Evet doğru. Öyle oldu.
-Ancak siz kitabınızda Cohen’in kamuoyuna yansıyan uyarılarının ötesinde bir rolü olduğunu ima ediyorsunuz. Tam olarak ne demek istiyorsunuz?
Bir kere mahkemede yalan söyledi. O da Adam Szubin de yalan söylediler. Görüşmeleri kendi algılanmasını istedikleri şekilde anlattılar.
-Halkbank’ı yeni gelecek yaptırımlar konusunda uyardıkları doğru değil miydi?
Uyarılar doğru ama mahkemede anlattıkları şekilde değildi. Karşılıklı iş birliği içinde olan iki kurumun mutabakatı ve neyin nasıl olacağı hakkında konuşup ilerleyen süreçteki yol haritasının belirlendiği görüşmelerdi onlar. Mahkemede Szubin o toplantıdan sonra beni kenara çekip kişisel olarak uyarmış gibi yalan ifadelerde bulundu yemin ettiği halde. Bunların hiçbiri gerçek olmadığı gibi benimle konuştuğunu iddia ettiği tarihten üç beş sene sonra daha üst düzey bir göreve atandıktan sonra tekrar Türkiye’ye geldi. Halkbank’a ve yöneticilerine iş birliği için teşekkür etti. Hatta bize İran bankalarında Amerikan doları hesabı açabileceğimiz konusunda bile uygunluk verdiler. Adamların mahkemede anlattığı gibi “Biz bunları zaten uyarmıştık, böyle olabileceğini söylemiştik” gibi bir hikâye hiç olmadı.
-Kitapta şöyle kritik detaylar veriyorsunuz; “D.C. (yani David Cohen) dönemin Bakanı Ali Babacan’ın bana hâlâ anlamsız gelen ‘Gaz alıp altınla ödüyoruz’ şeklindeki basın açıklamasını ve artan altın ihracatının detaylarını sormak için bankayı aradığında genel müdürle görüştüler.

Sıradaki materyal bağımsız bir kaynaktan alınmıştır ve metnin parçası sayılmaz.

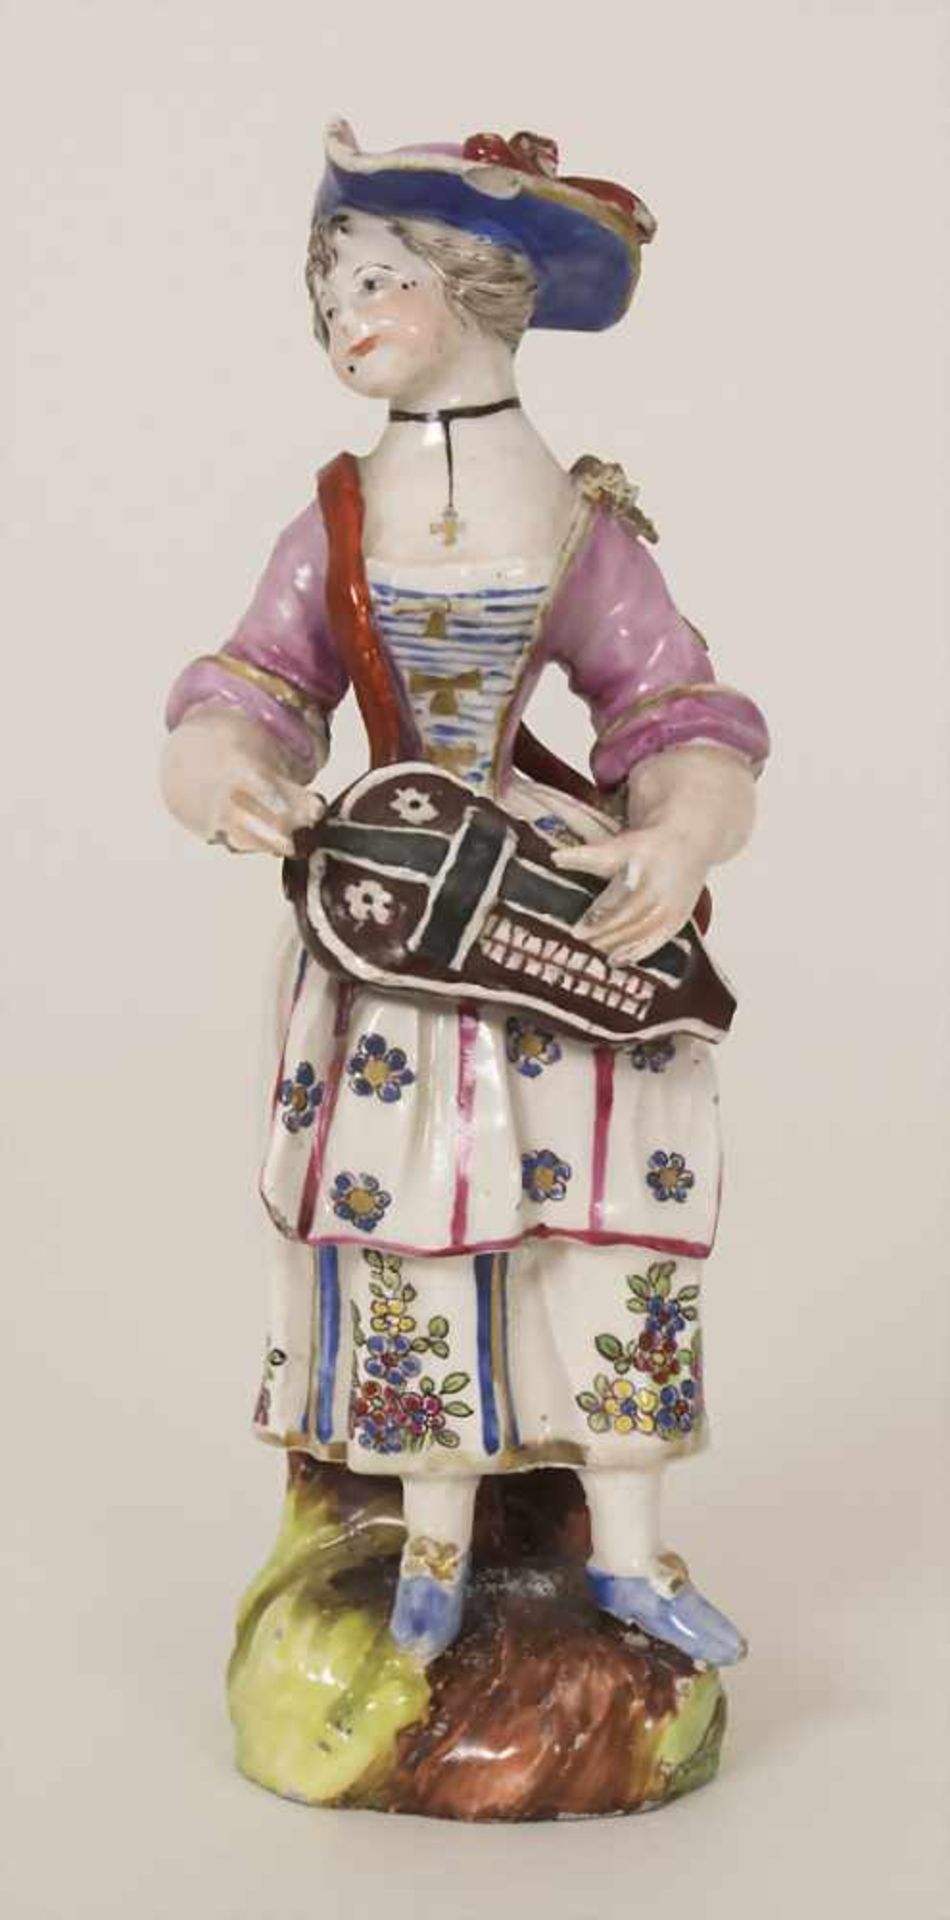 Junge Leierspielerin / A young woman playing a lyre, wohl Niderviller, um 1770Material: Fayence, mit

Hatırladığım kadarıyla Genel Müdür D.C’ye alan ve satanın özel sektör olduğunu, altın da yaptırım kapsamında olmadıkça bir çekince olmadığını, ABD bundan rahatsızsa ve altın satışını yasaklarsa işlemlerin memnuniyetle durdurulabileceğini” iletti. Genel Müdür Süleyman Aslan’ın ABD’ye gidip David Cohen’le görüşmesini isteyenin de Ali Babacan olduğunu vurguluyorsunuz.
Evet, benim bildiğim kadarıyla öyleydi.
-Siz de Süleyman Aslan ile birlikte ABD’ye gidip bu görüşmeye katılıyorsunuz.
Evet.
-Bu arada bir diğer detayı da atlamayalım; neden Ali Babacanın “Gaz alıp altınla ödüyoruz” şeklindeki açıklamasını anlamsız buluyordunuz?
Çünkü öyle bir durum yoktu. Gaz işini yapan kurumlar başka, altın ticaretini yapan kurumlar başka. Amerika’ya havlu satan var, Amerika’dan teknoloji ithal eden var. İkisi farklı taraflar.
-Ama mahkemede Zarrab’ın çizerek anlattığı şemadan da o tür bir sonuç çıkıyordu.
Sonuçta biri ödüyor, diğeri alıyor. Aynı bankalar kullanılıyor. Sistem hep aynı. İthalat ihracatın prensipleri her yerde aynıdır.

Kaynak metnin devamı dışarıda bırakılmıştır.